Import the tweets, tokenize...

In [None]:
import pandas
import random
import nltk

pandas.options.display.max_colwidth = 500
g1 = pandas.read_csv('twitter/g1.txt', sep='\t', header=0)
g2 = pandas.read_csv('twitter/g2.txt', sep='\t', header=0)
g3 = pandas.read_csv('twitter/g3.txt', sep='\t', header=0)
g4 = pandas.read_csv('twitter/g4.txt', sep='\t', header=0)
g5 = pandas.read_csv('twitter/g5.txt', sep='\t', header=0)

groups = [g1]
#groups = [g1,g2,g3,g4,g5]

tweets = pandas.concat(groups, ignore_index=True)

# Keep English tweets
drop_index = []
for i,tweet in tweets.iterrows():
    if('lang="en"' not in tweet['FULL_TEXT_HTML']):
        drop_index.append(i)
        
tweets = tweets.drop(drop_index)

testing_data = tweets['FULL_TEXT']

testing_tokens = [(nltk.word_tokenize(tweet)) for tweet in testing_data]

...And create a feature set using the vocabulary defined in Step One

In [None]:
def docFeatures(document):
    doc_words = set(document)
    features = {}
    for word in vocabulary:
        features['contains({})'.format(word)] = (word in doc_words)
    return features

testing_feature_set = [(docFeatures(tweet)) for tweet in testing_tokens]

### Step Three: train and test the classifier

Handle negation and create unigram features (applying a minimum frequency of 10)

In [None]:
from nltk.sentiment.util import *

sent_analyzer = nltk.sentiment.SentimentAnalyzer()

negation_words = sent_analyzer.all_words([mark_negation(doc) for doc in tokens])
unigram_features = sent_analyzer.unigram_word_feats(negation_words, min_freq=10)

Create the Feature Set and split it for training and testing the classifier

In [None]:
x = int(len(training_data)*0.2)

sent_analyzer.add_feat_extractor(extract_unigram_feats, unigrams=unigram_features)

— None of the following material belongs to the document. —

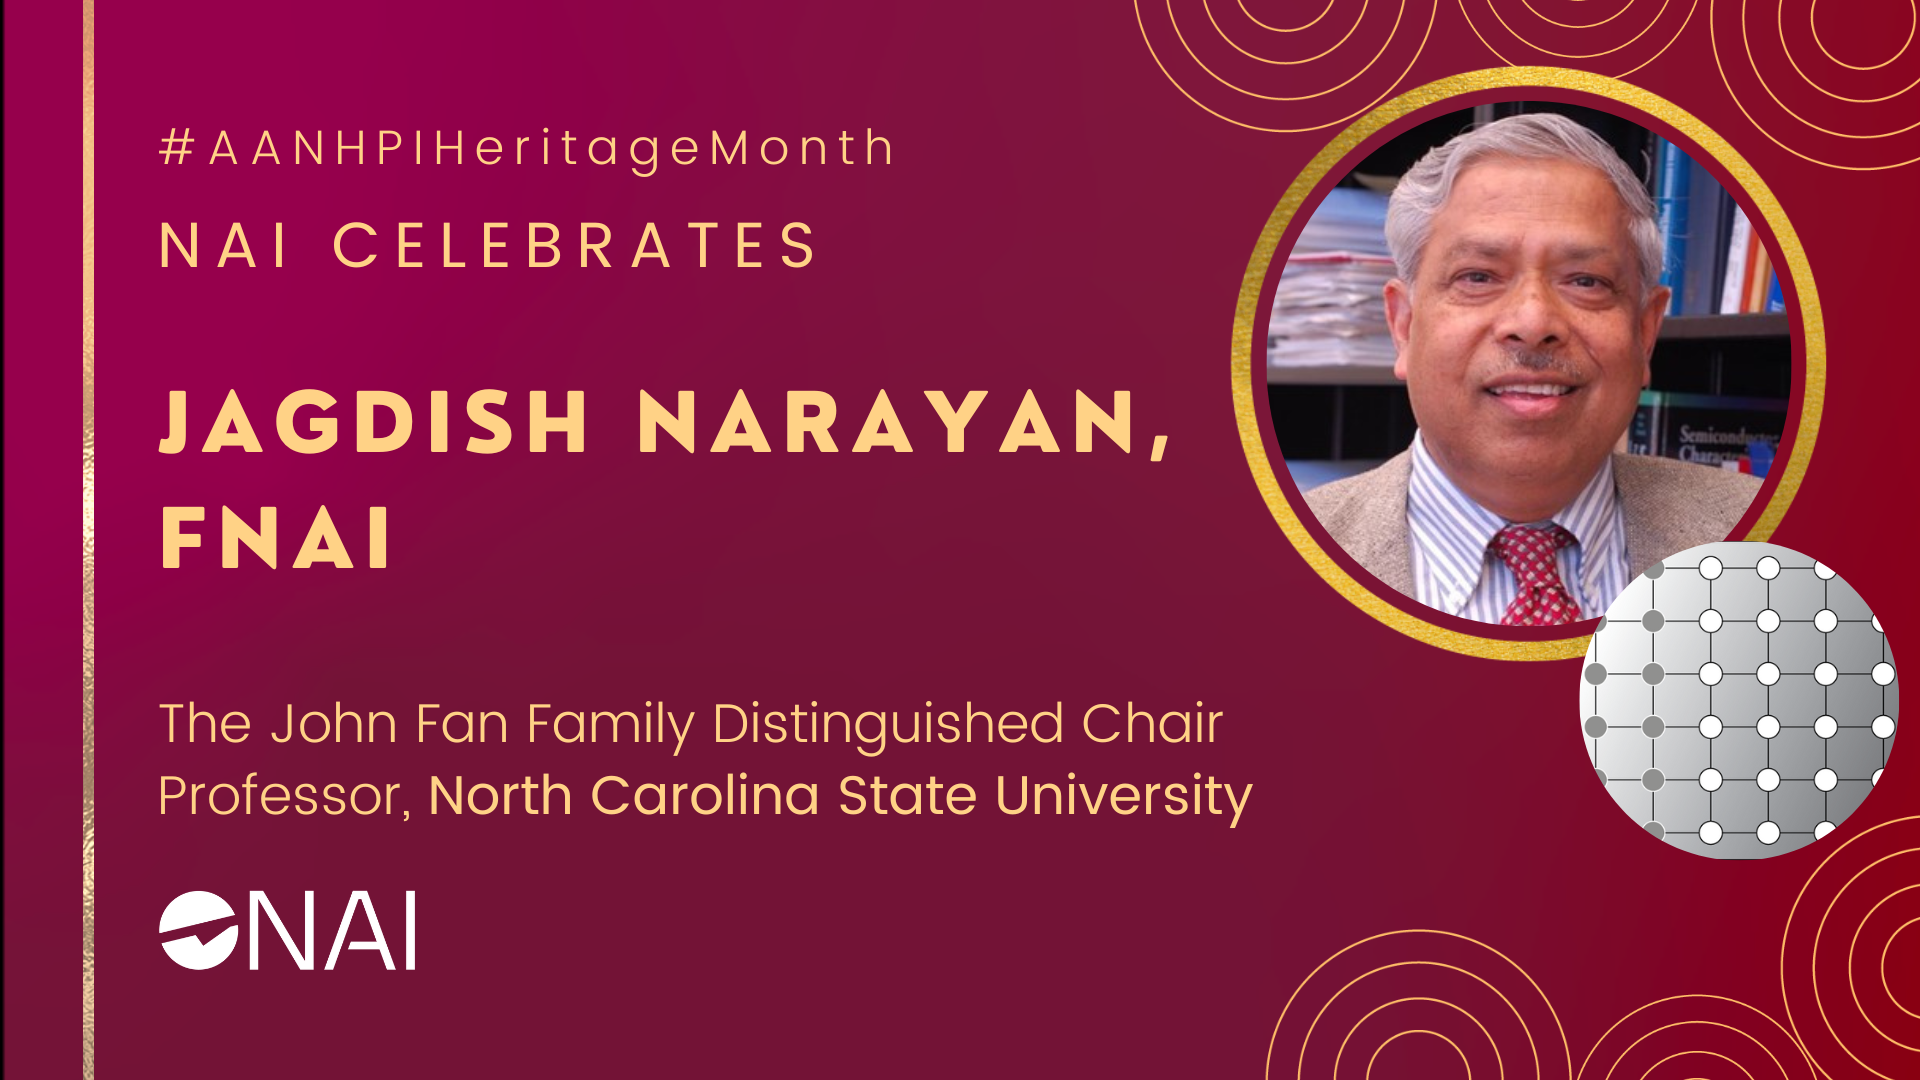 A graphic with a headshot of Jagdish Narayan with the text “#AANHPIHeritage Month NAI celebrates Jagdish Narayan, FNAI” followed by “The John Fan Family Distinguished Chair Professor, North Carolina State University”.

feature_sets = sent_analyzer.apply_features(tokens)
train_set, test_set = feature_sets[x:], feature_sets[:x]

Finally, train the Naive Bayes classifier and print all the evaluation metrics

In [None]:
classifier = sent_analyzer.train(nltk.classify.NaiveBayesClassifier.train, train_set)
for key,value in sorted(sent_analyzer.evaluate(test_set).items()):
    print('{0}: {1}'.format(key, value))
    
classifier.show_most_informative_features(20)

### Step Four: verify the classifier

Execute the classifier on top of our `testing_feature_set`

In [None]:
confidence = [classifier.prob_classify(f) for f in testing_feature_set]

Print the first 10 results

In [None]:
for i in range(10):
    print(confidence[i].max(),
          confidence[i].prob(confidence[i].max()),
          '\n' + testing_data[i] + '\n')

### Final Note
In the first part of this notebook we saw how to create a classifier, how to normalize our data, how to extract the features and divide the feature set for training and testing.
<br>
The second part focuses more on sentiment analysis, trying to classify the attitude (Positive or Negative) of the tweets we had. In order to do so, it was mandatory to train the model using structured data. Luckily nltk offered that...
After training the classifier, and extracting our `testing_feature_set`, we could finally run the classification. Although those tweets weren't specifically for sentiment analysis, it was interesting to work on this second task, showing the power of these features.